Kopi mempunyai banyak manfaat, sekaligus pula banyak bahaya. Mengesampingkan hal itu, kopi adalah teman terbaik. Kandungan kafein dalam kopi pada awalnya hanya dikenal sebagai obat. Namun, pernah ada sebuah hentakan dari Pasqua Rosee (seorang pendiri kedai kopi pertama di London pada tahun 1652) yang mengeluarkan slogan berbunyi seperti ini, “Kopi membuat orang lebih bersemangat dan baik untuk mengatasi keletihan mata, kopi meredakan sakit kepala. Dan mencegah serta memperlebar saluran udara menuju paru-paru. Kopi juga baik untuk mencegah dan mengobati beri-beri, nyeri sendi, serta kekurangan vitamin C. Berdasarkan pengalaman, kopi adalah minuman terbaik sepanjang zaman. Cairan ini mencegah keletihan dan memperlancar urusan bisnis kita saat kita menghadapi negosiasi yang membutuhkan konsentrasi. Oleh karena itu, jangan pernah meminum kopi selepas makan malam, kecuali anda ingin terjaga sepanjang malam. Kopi anda menunda waktu tidur anda selama 3-4 jam.”
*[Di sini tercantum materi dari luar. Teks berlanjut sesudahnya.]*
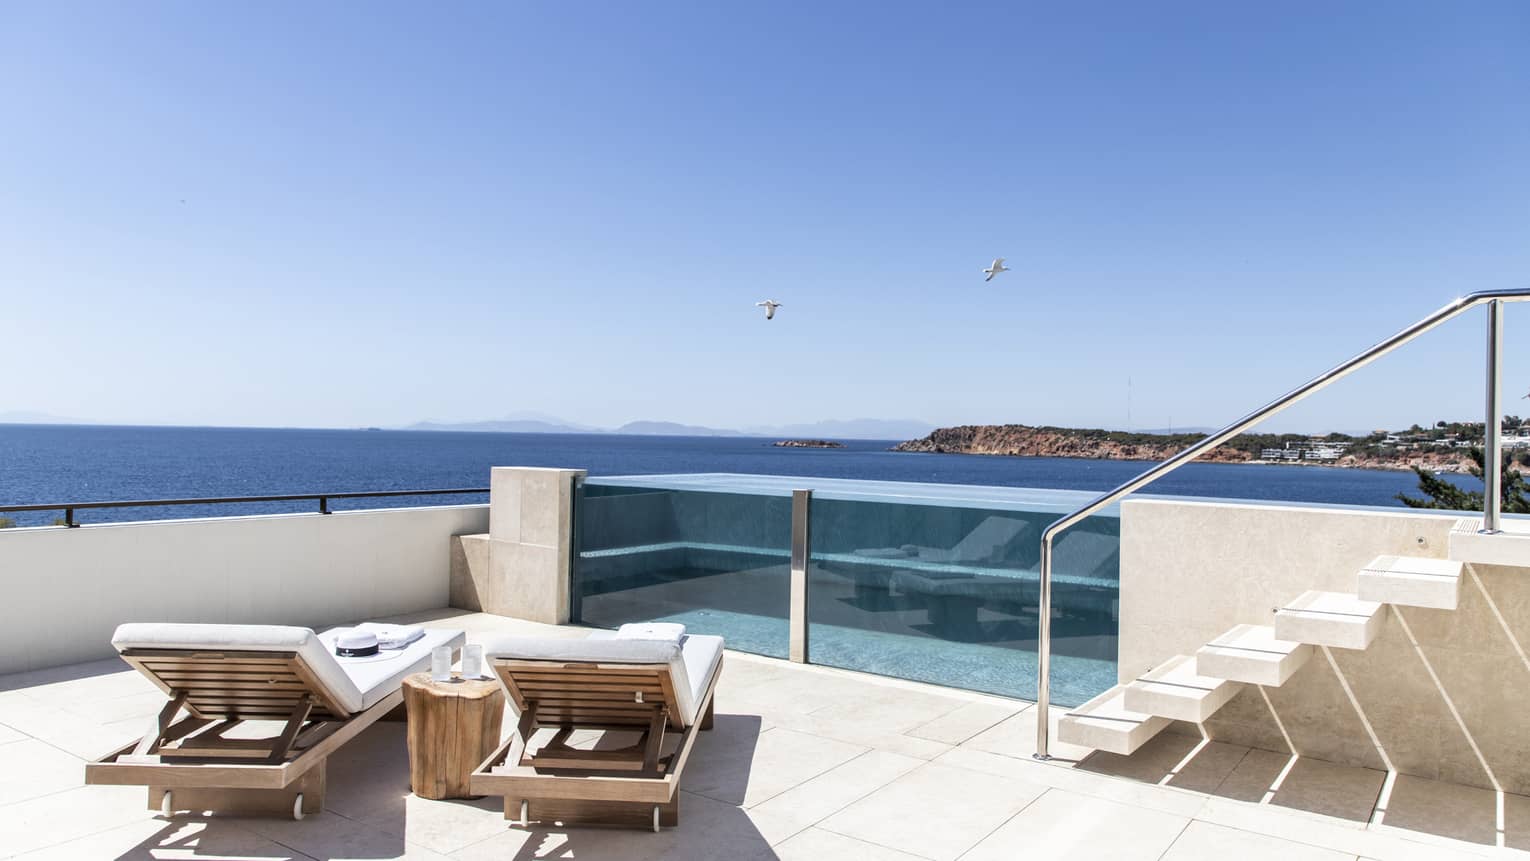 Raised, glass-enclosed pool on a private terrace with two chaise lounges
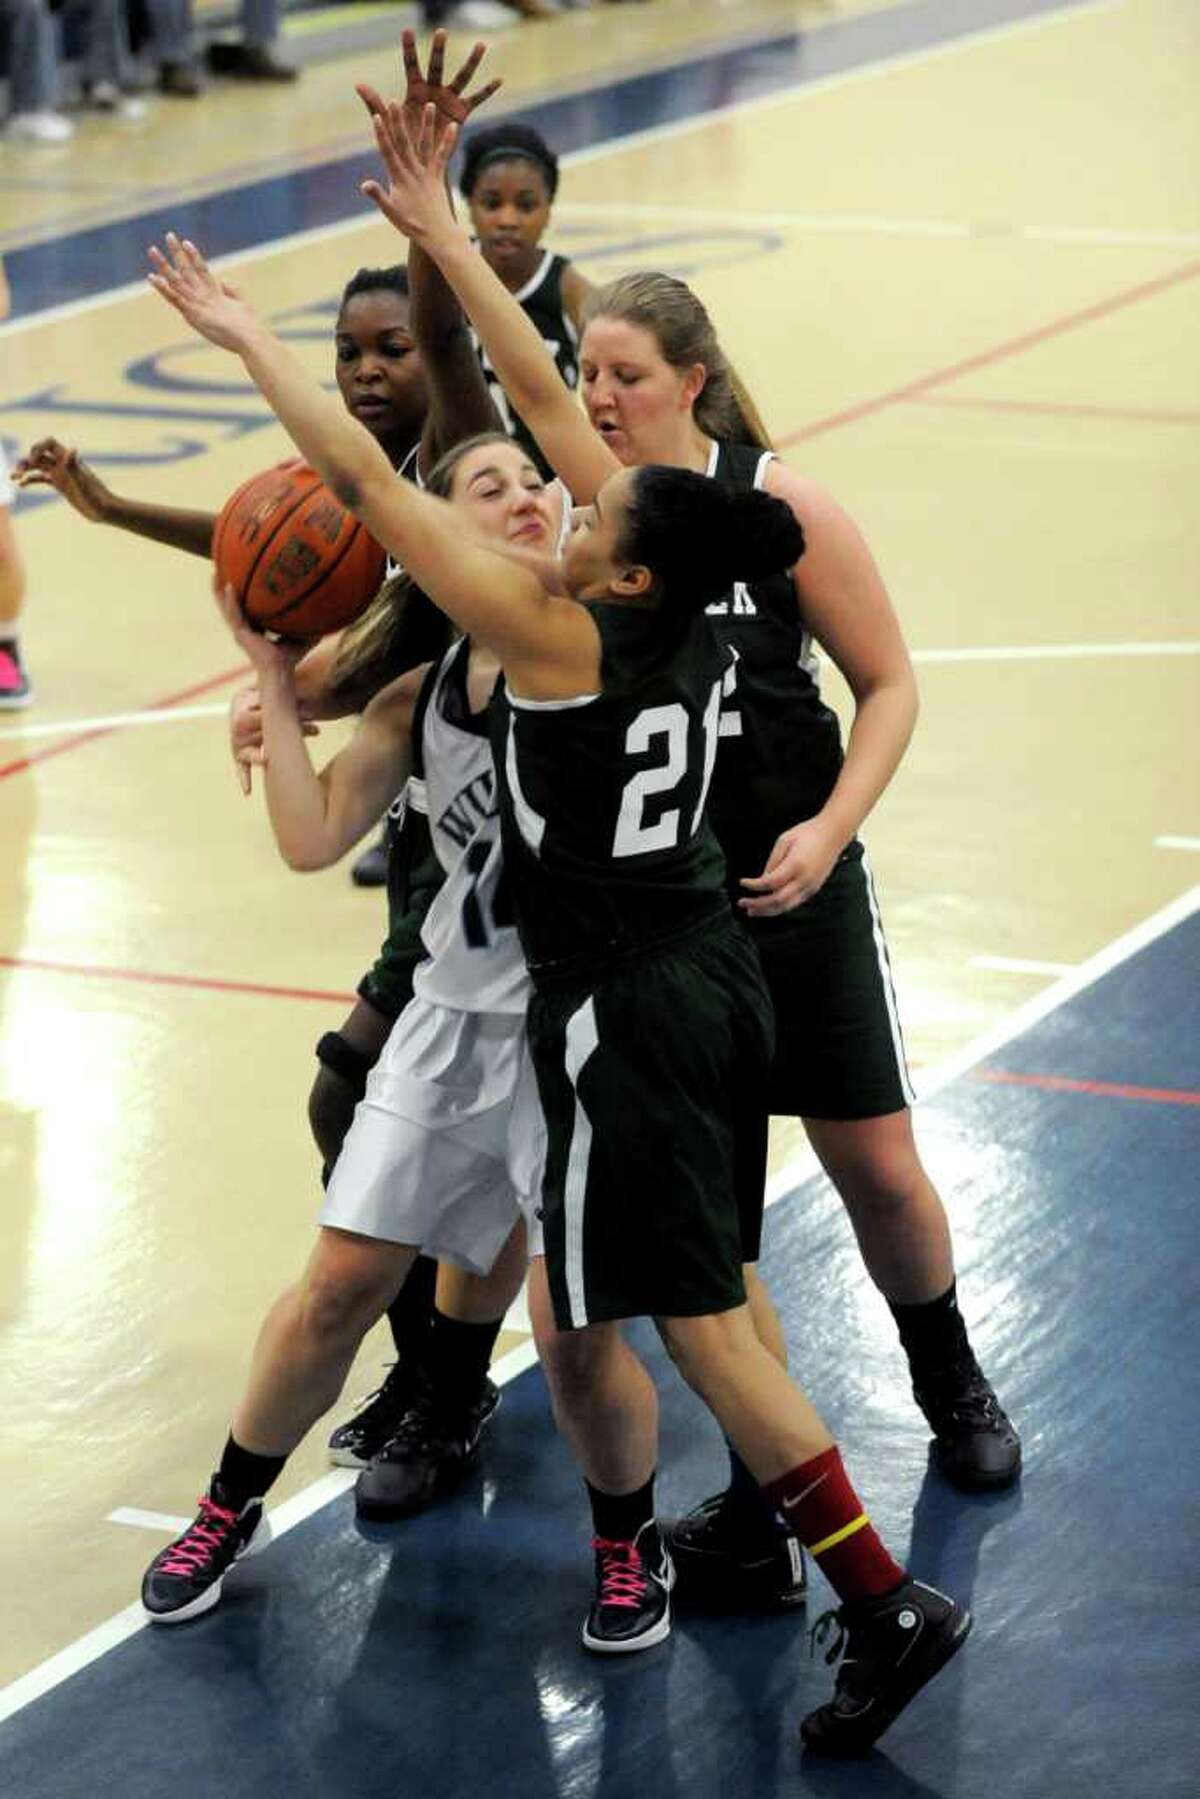 Wilton's Alyssa Malvarossa is surrounded by Norwalk players during Saturday's FCIAC Girls Basketball quarterfinal game at Wilton High School on February 18, 2012.

Kopi identik dengan musik slow dan lawas seperti jazz, folk, pop yang populer era 1970-an dan beberapa musik indie. Momen-momen menyeruput kopi dengan alunan musik tersebut sangat berhasil memanjakan nurani kita. Kegiatan seperti itu yang lebih pantas menyandang predikat kesenangan hakiki, bukan game online apalagi pencitraan di sosial media dan mendapat beberapa pengikut atau subscriber baru setiap harinya. Banyak kedai kopi di Jakarta menyuguhkan kopi-kopi terbaik mereka lengkap dengan musik tersebut. Fakta yang lebih menguatkan adalah bahwa kopi mempunyai komposisi yang bisa membantu penikmat melepas lelah 8 jam waktu kerja mereka setiap hari untuk merasuk jauh ke dasar ambang batas imajinasi manusia. Akan tetapi cukup sudah memuji kopi dari sudut pandang penikmat. Mari kita bedah apa potensi yang bisa dimanfaatkan dari magisnya kopi.

          Zaman sekarang ini sadar atau tidak beberapa kalangan orang lebih tertarik dengan sesuatu yang bernuansa klasik dan kuno. Beberapa tempat-tempat nongkrong sekarang banyak beraroma 1970-an. Alasan logisnya mungkin bahwa pemanasan global dan efek rumah kaca secara tidak langsung membuat pusing kepala manusia. Duduk di kedai kopi menenangkan mereka. Bisnis kedai kopi bagi wirausaha menjadi ladang usaha yang cukup menjanjikan.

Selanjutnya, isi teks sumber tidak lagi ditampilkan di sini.